**AVAILABLE DATA**
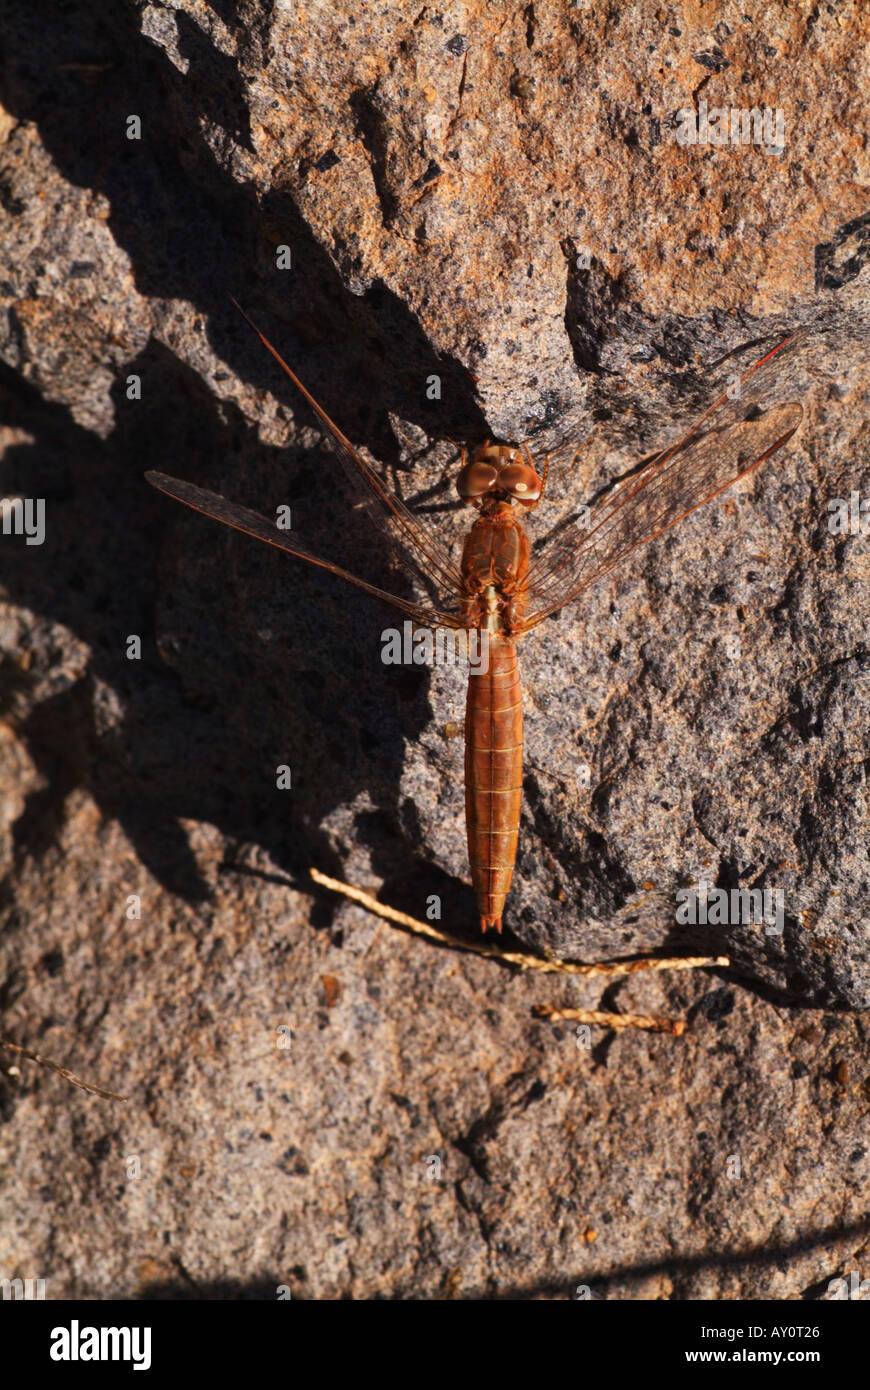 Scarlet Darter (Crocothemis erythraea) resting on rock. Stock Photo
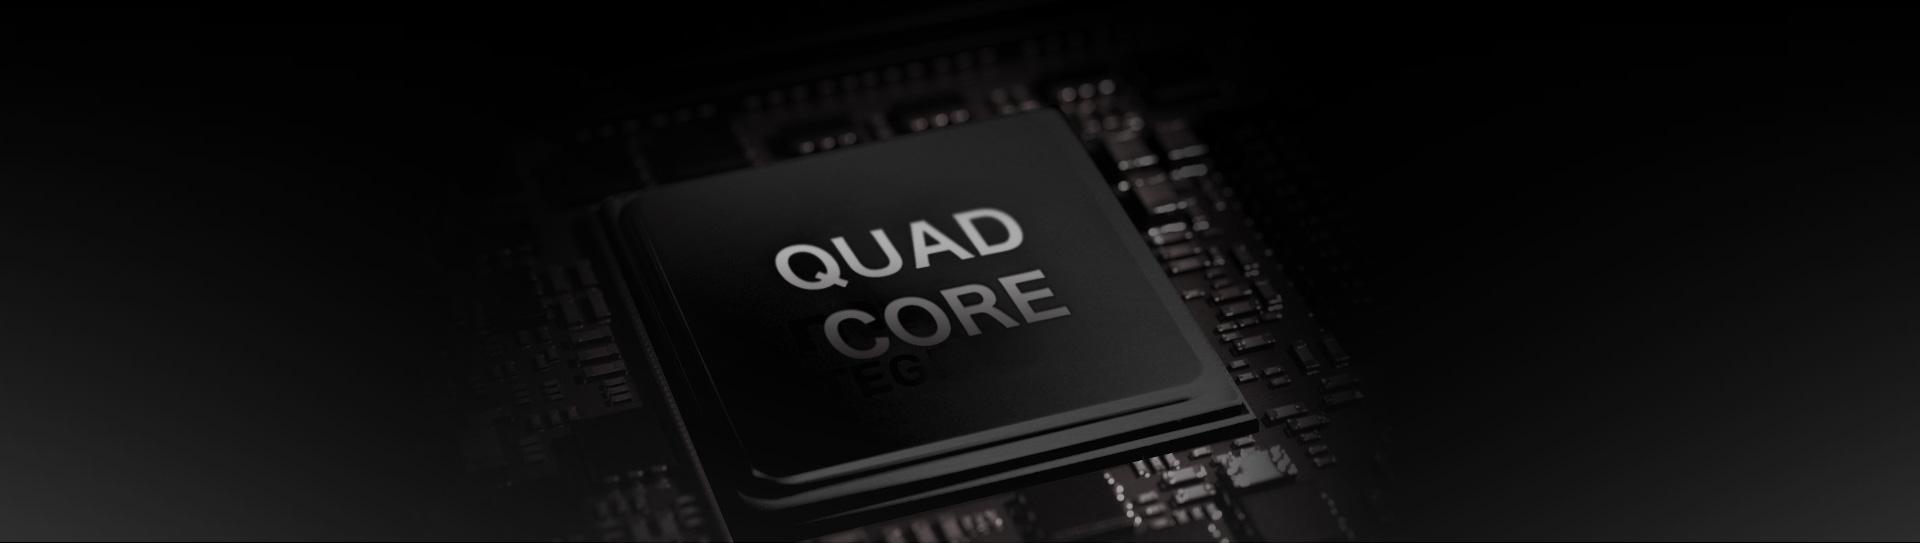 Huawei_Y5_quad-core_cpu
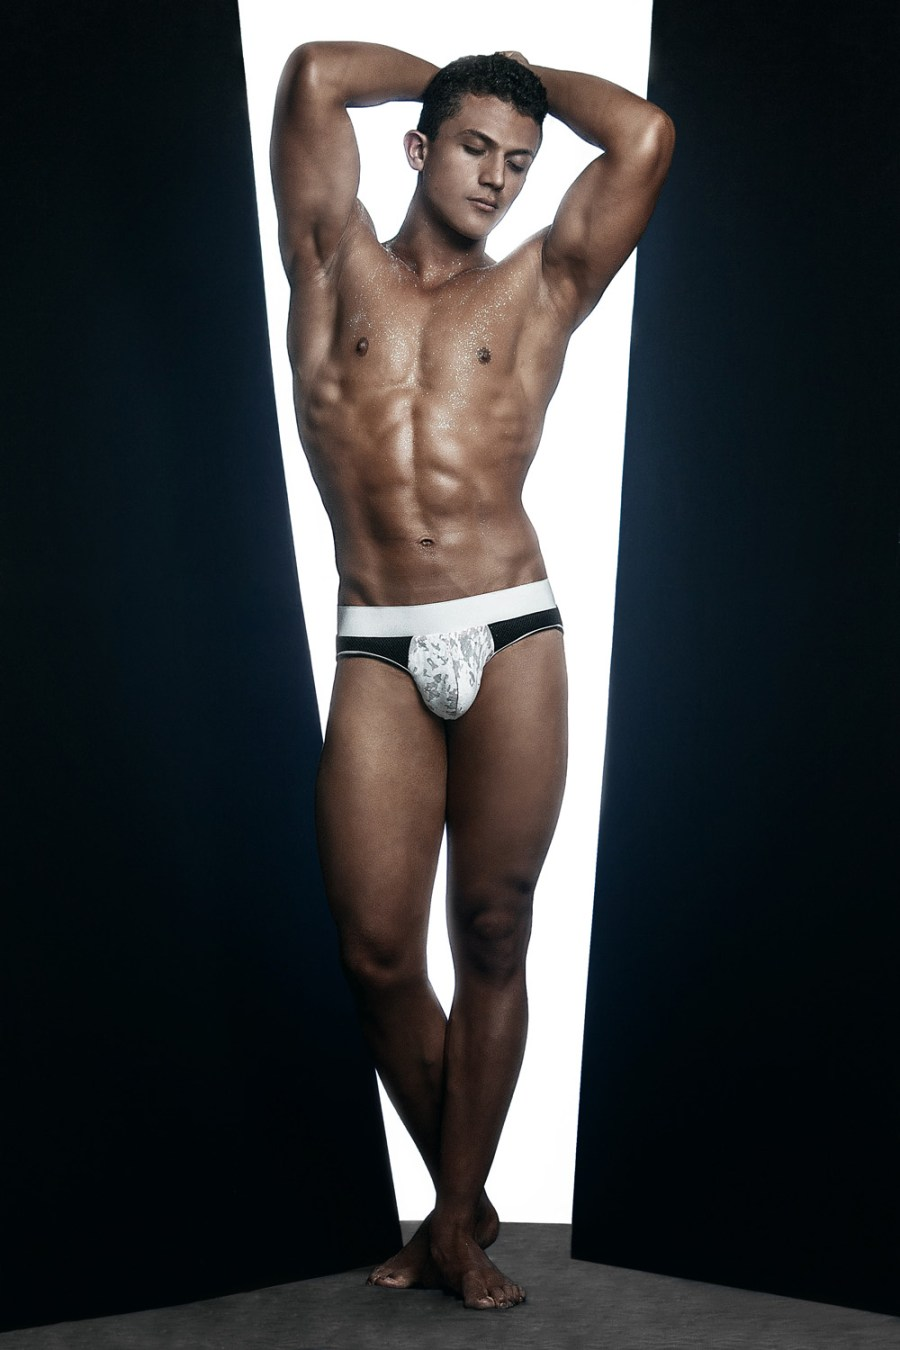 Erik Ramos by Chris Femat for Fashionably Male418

**WHAT IS REQUIRED**
Leave the images aside and retype each line of the listing above exactly.

**EXERCISE RESULT**
 Scarlet Darter (Crocothemis erythraea) resting on rock. Stock Photo
 Huawei_Y5_quad-core_cpu
 Erik Ramos by Chris Femat for Fashionably Male418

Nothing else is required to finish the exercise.